WHAT TO WORK ON: Find every line below with the word "Sandals". Then give only how many there are.

PROVIDED INFORMATION:

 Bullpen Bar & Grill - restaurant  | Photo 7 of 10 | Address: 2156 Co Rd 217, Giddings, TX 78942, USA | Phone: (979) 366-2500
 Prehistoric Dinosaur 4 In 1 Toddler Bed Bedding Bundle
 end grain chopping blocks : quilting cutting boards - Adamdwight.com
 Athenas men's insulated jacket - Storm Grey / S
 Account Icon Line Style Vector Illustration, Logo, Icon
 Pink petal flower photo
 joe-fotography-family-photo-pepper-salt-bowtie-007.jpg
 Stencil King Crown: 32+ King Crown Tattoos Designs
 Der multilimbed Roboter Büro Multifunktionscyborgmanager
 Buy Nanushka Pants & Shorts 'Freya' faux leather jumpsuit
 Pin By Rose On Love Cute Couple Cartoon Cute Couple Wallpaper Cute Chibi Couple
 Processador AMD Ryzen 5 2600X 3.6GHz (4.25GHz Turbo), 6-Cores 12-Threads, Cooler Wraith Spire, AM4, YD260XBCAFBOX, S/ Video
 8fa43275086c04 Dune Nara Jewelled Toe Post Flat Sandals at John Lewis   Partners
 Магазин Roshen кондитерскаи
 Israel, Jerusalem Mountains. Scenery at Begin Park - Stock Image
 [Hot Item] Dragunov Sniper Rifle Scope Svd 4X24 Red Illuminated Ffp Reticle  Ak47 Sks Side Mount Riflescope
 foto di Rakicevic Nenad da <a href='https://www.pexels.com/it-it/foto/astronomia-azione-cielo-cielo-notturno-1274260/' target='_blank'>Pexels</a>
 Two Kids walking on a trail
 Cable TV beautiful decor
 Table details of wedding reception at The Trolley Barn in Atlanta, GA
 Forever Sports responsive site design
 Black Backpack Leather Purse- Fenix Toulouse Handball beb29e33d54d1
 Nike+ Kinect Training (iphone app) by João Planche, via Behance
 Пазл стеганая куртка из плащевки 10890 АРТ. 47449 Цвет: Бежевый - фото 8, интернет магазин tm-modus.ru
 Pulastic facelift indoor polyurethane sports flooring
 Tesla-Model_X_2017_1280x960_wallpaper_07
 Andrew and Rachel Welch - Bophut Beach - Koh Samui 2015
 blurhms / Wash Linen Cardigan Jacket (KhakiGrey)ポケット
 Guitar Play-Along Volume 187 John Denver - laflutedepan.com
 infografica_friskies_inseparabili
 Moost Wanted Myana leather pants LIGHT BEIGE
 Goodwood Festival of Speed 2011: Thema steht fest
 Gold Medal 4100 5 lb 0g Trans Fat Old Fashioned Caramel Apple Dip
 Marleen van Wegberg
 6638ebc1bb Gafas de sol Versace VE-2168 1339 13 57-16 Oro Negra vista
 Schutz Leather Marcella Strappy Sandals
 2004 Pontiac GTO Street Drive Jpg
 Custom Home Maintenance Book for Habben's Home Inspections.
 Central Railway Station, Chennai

RESPONSE: 2